Cette ville du Sud est notre total opposé. Nous affrontons leur bassesse et absence d'honneur. Comment qualifier autrement le fait de suivre une jeune fille pour liquider son père ? Mais cette rivalité ne date pas d'hier. D'aussi loin que je m'en souvienne, ils ont toujours été notre cible dans le viseur. L'élément déclencheur de cette guerre est en lien avec ma mère, mais aucun de ceux que je côtoie ne l'explique. Il s'agit d'un des nombreux secrets qui gangrènent le clan. Aveuglément, j'ai appris à détester les hommes du Sud aussi fort que je respire. Et depuis ce drame, Tarente m'a donné une raison supplémentaire de les voir tomber.

La nuit sur Rome a beau être dégagée ce soir, je n'aperçois pas les étoiles. La pollution offre une couche protectrice qui sépare le déchet humain de la beauté de l'univers. À la fenêtre du salon, du haut du onzième étage, je me laisse bercer par le bruit ambiant de l'immeuble.

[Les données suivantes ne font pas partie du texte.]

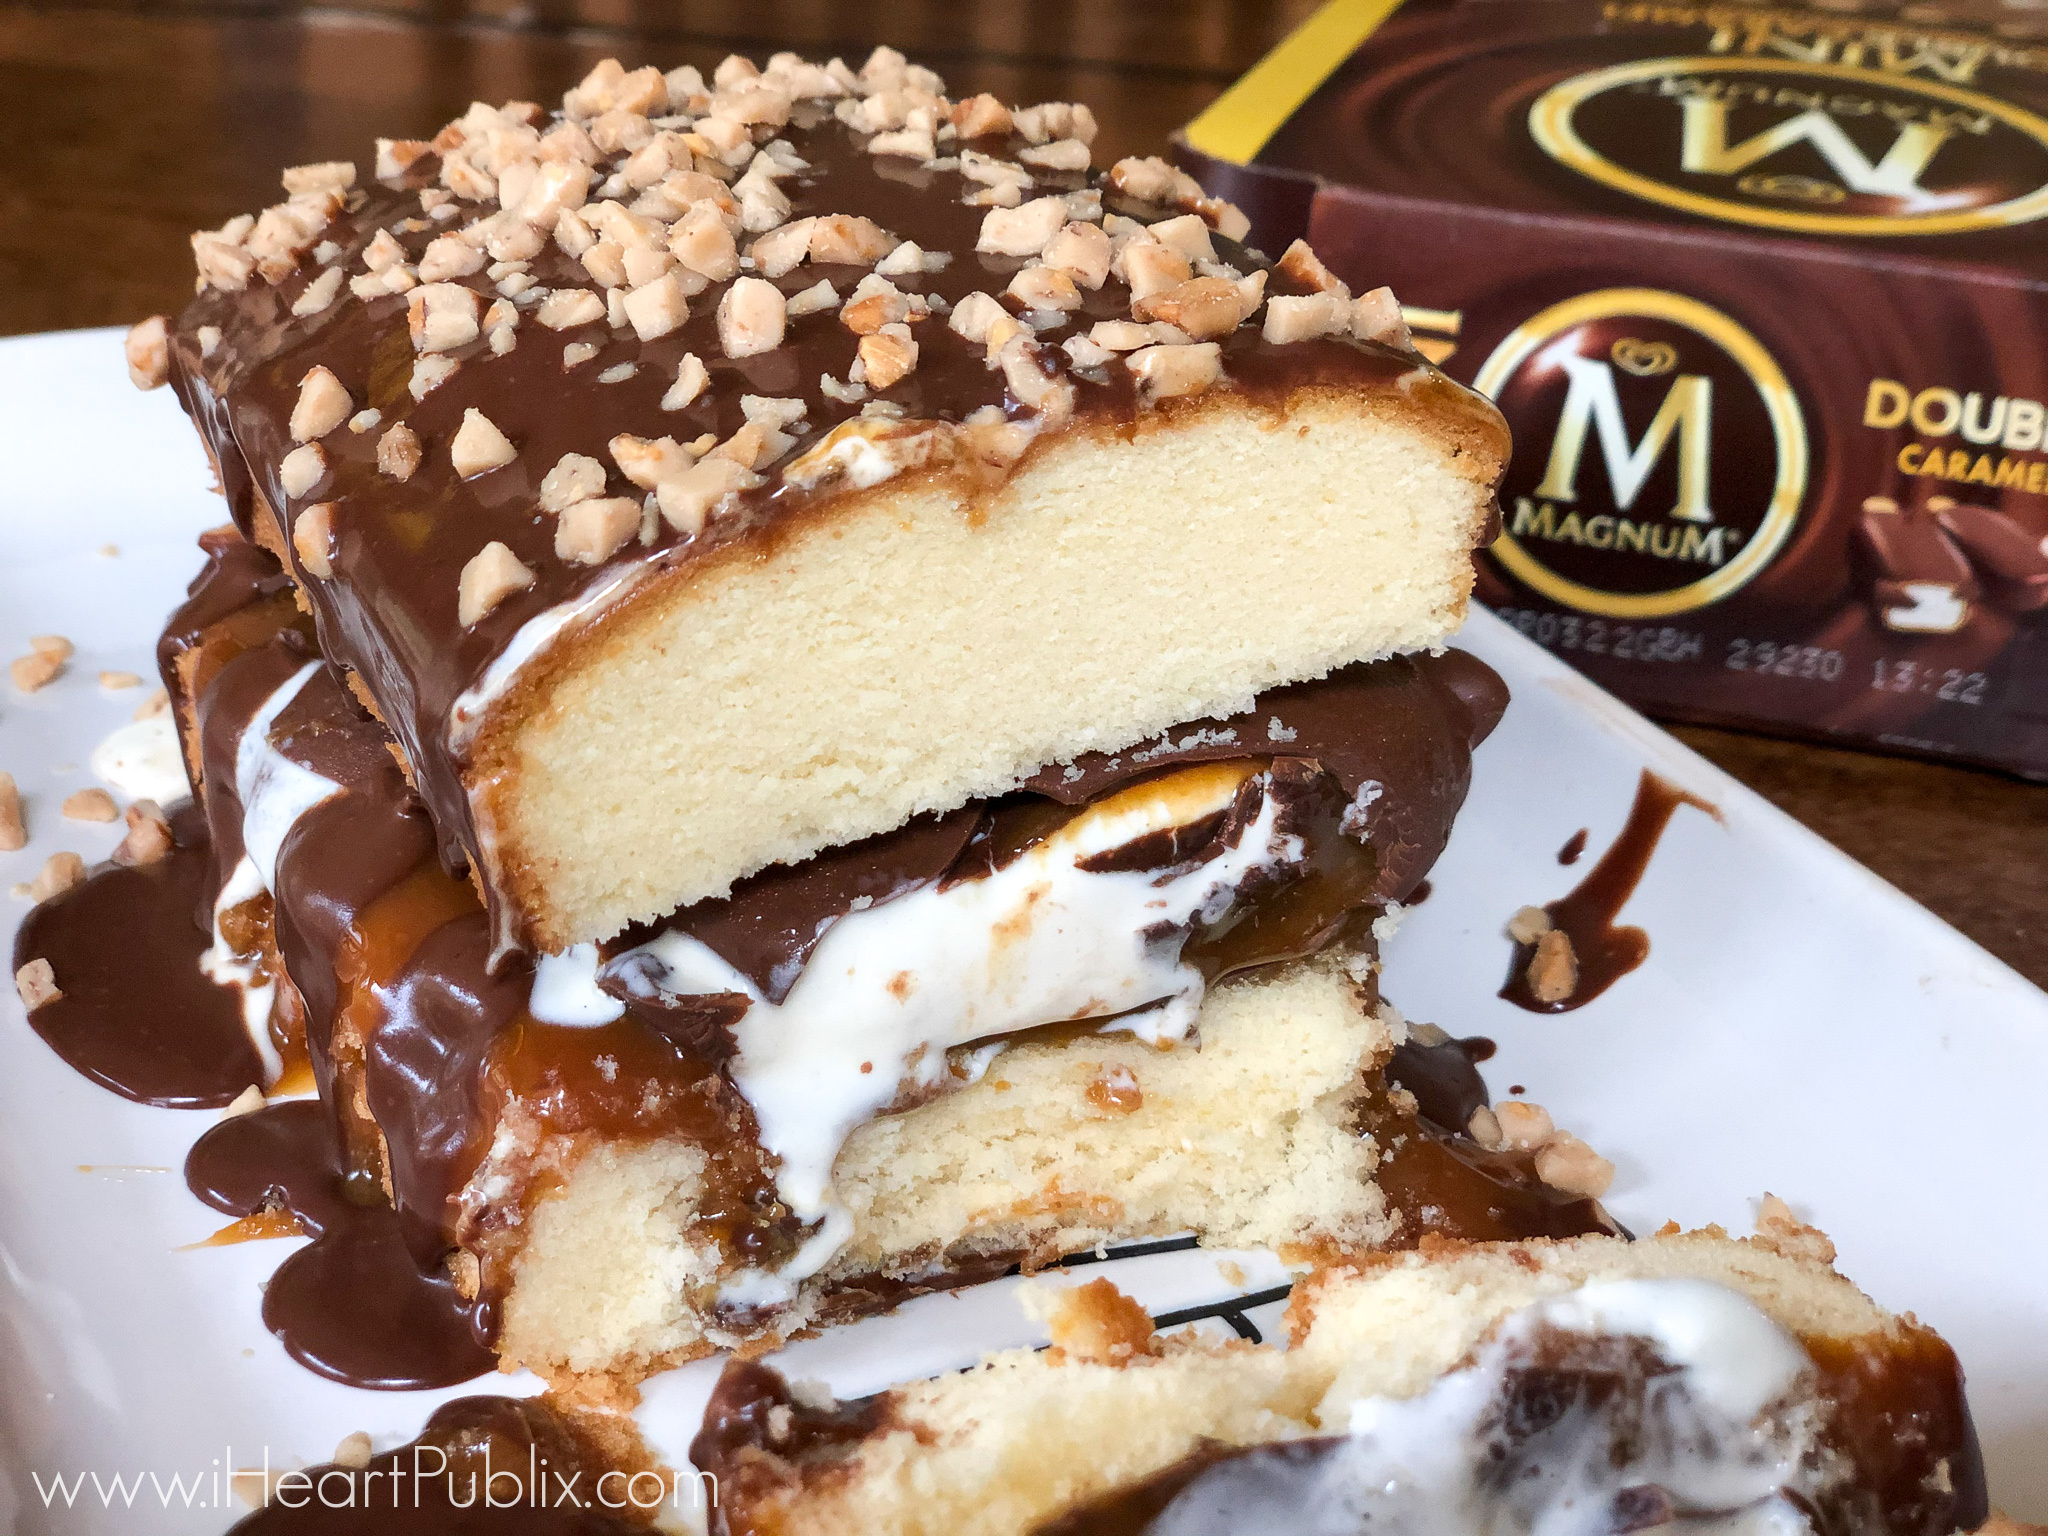 Magnum Chocolate & Caramel Overload Cake - Indulgent Dessert For The Amazing Ice Cream Deals Available Now At Publix on I Heart Publix

Véritable abomination architecturale, le bâtiment en forme de voile servait à accueillir les familles nécessiteuses avant de servir de QG à notre organisation. Le silence y est perpétuellement absent. Chaque étage cache un mal que nous entretenons. Des hommes y perdent la vie. Des femmes oublient leur fierté en participant au commerce du sexe. Et l'illégalité est passé sous silence. Le vice a le don de ne pas faire de distinction entre les sexes. Il s'empare de tous les cœurs.

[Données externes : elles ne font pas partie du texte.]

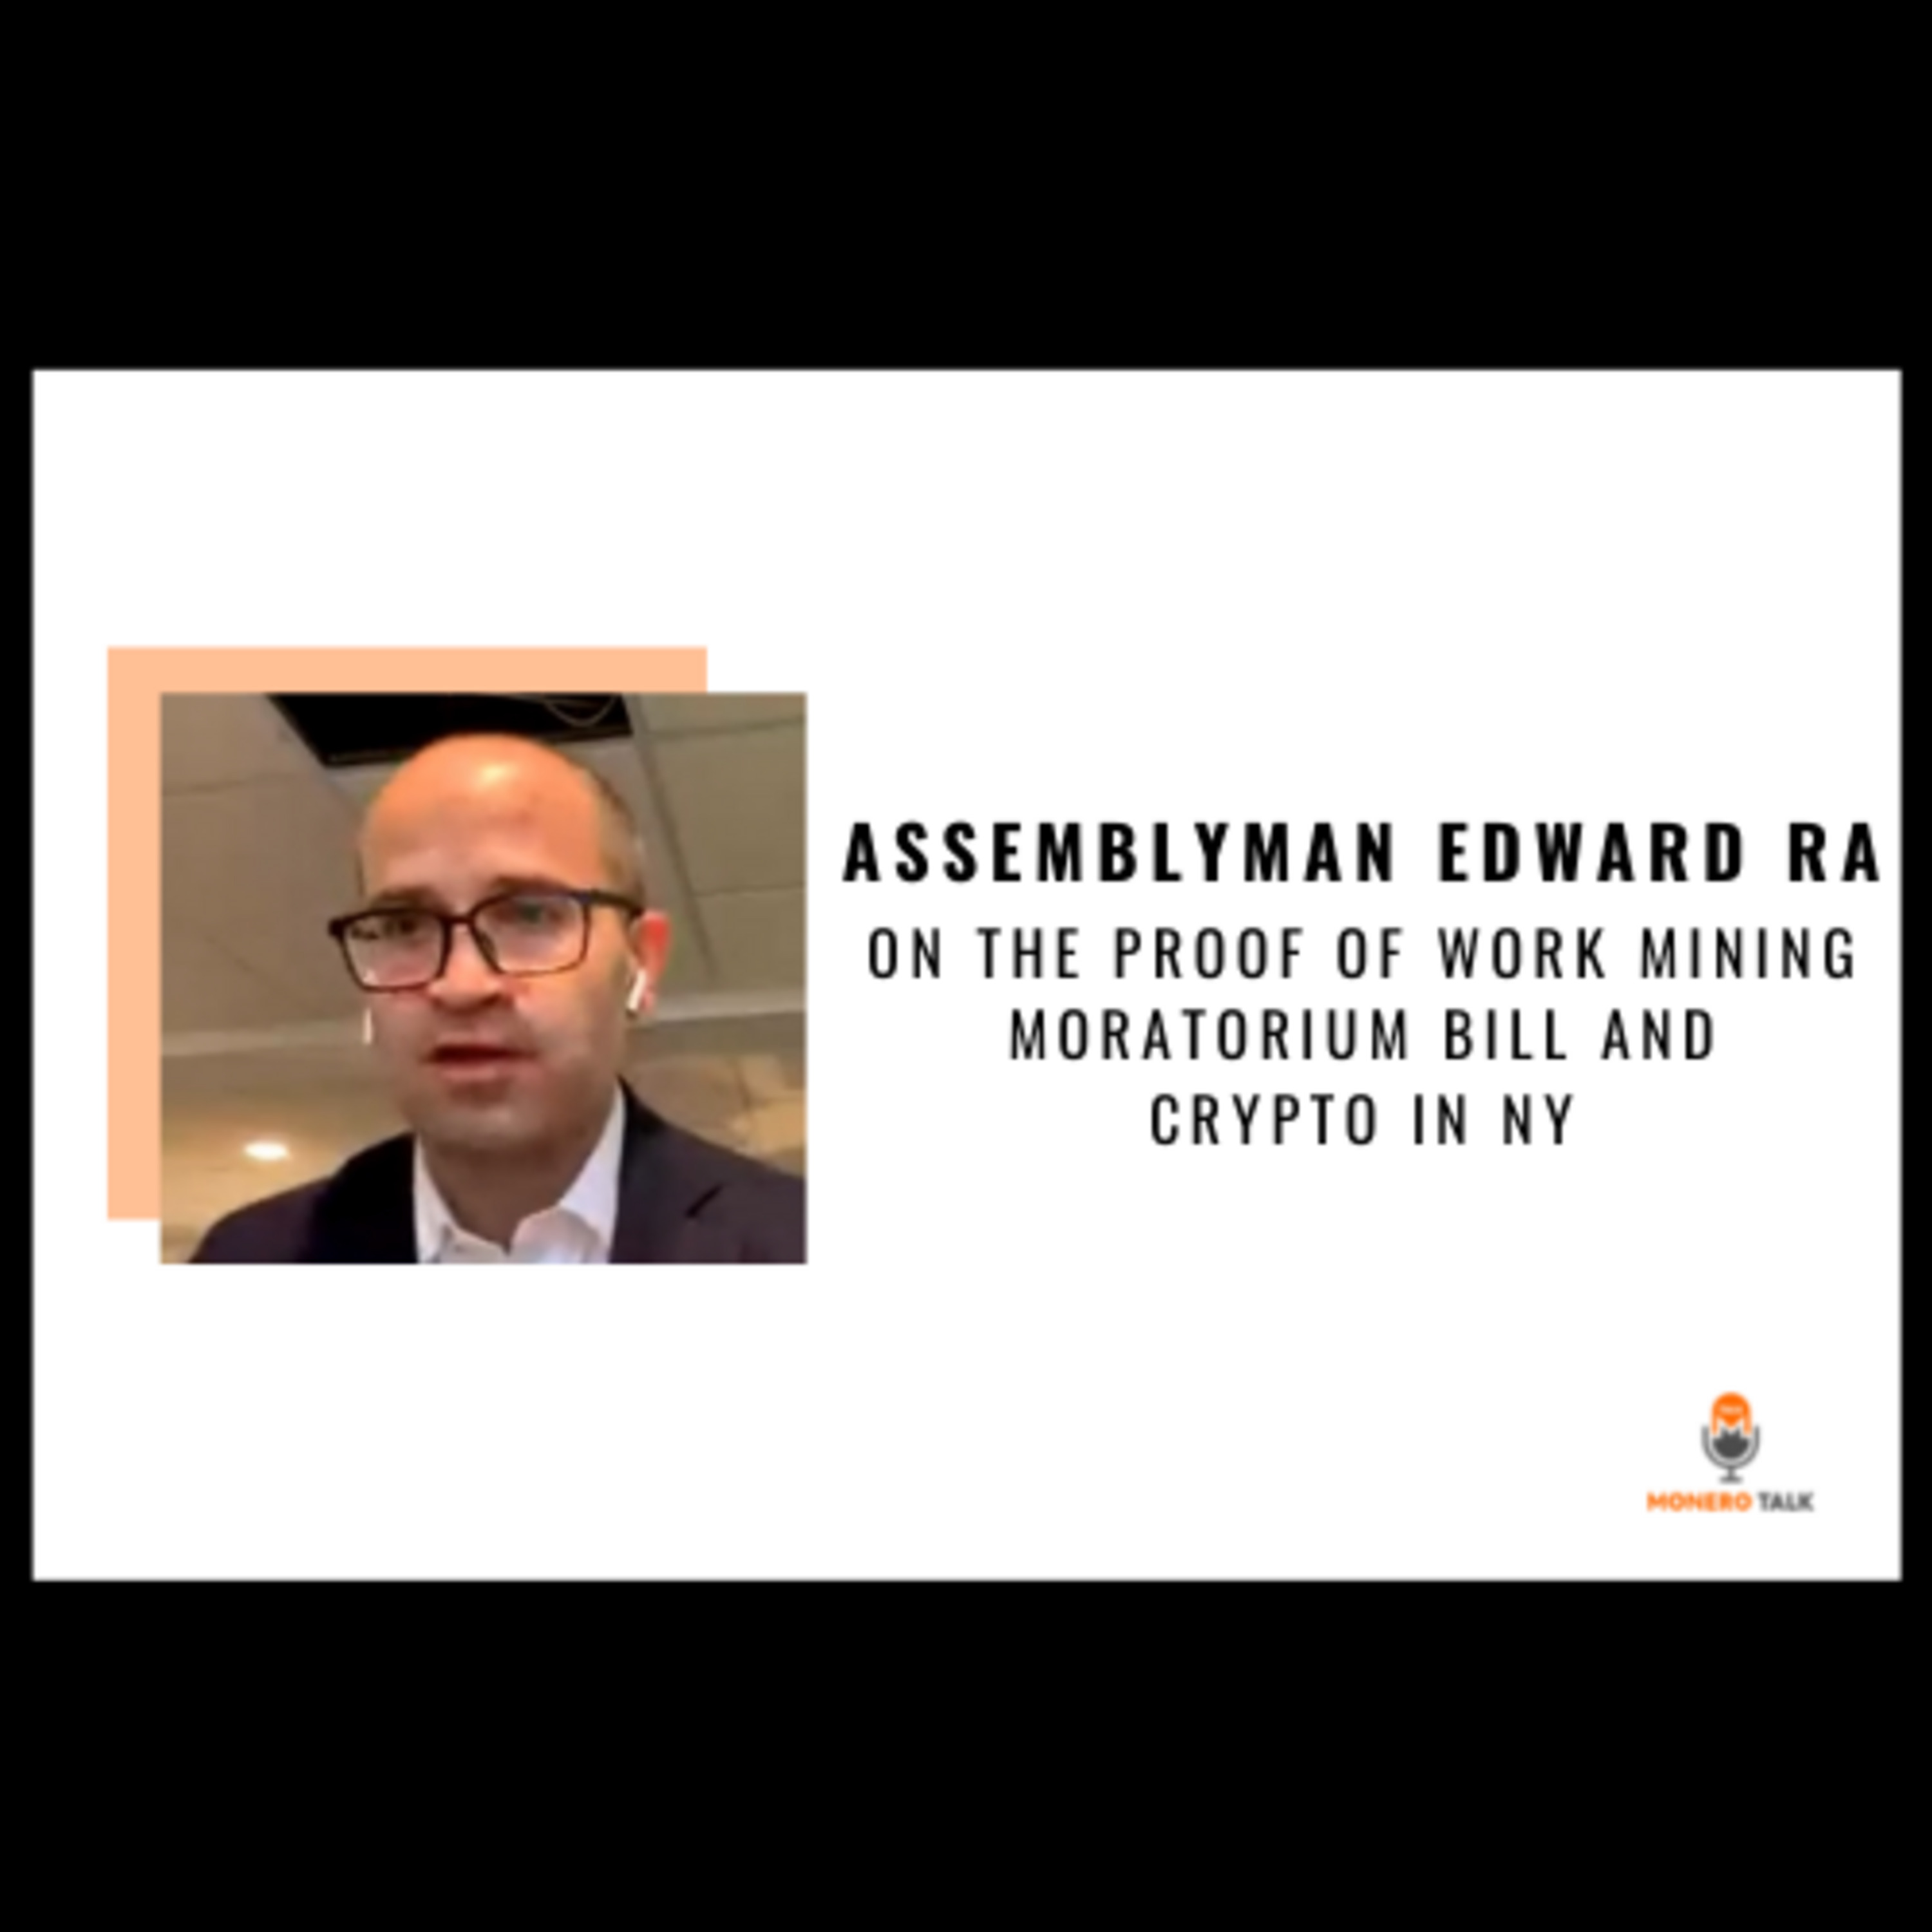 Assemblyman Edward RA on the Proof of Work Mining Moratorium Bill and Crypto in NY

La mafia n'épargne pas les fragiles. Sans protecteur, il n'y a aucun moyen de s'en sortir. Tous ceux qui animent les pièces de cet immeuble ont une bonne raison d'y participer. L'argent. La colère. La vengeance. La solitude.
Je dois être la seule à qui on demande de rester en dehors de cela. Laisse-nous nous occuper de ce problème. Continue tes études. Reste en dehors de ça. Il faudrait que je reprenne ma vie là où je l'ai laissée, sans porter attention au feu qui brûle en moi.
Le problème de ces hommes est la place de la femme. Dans la vision archaïque de la mafia, celle-ci n'a pas voix au chapitre. Côtoyer les monstres n'implique pas de les affronter.
La passivité n'a jamais été mon fort. Et l'ironie fait que mes protecteurs ont été ceux qui m'ont infligé de profondes fêlures.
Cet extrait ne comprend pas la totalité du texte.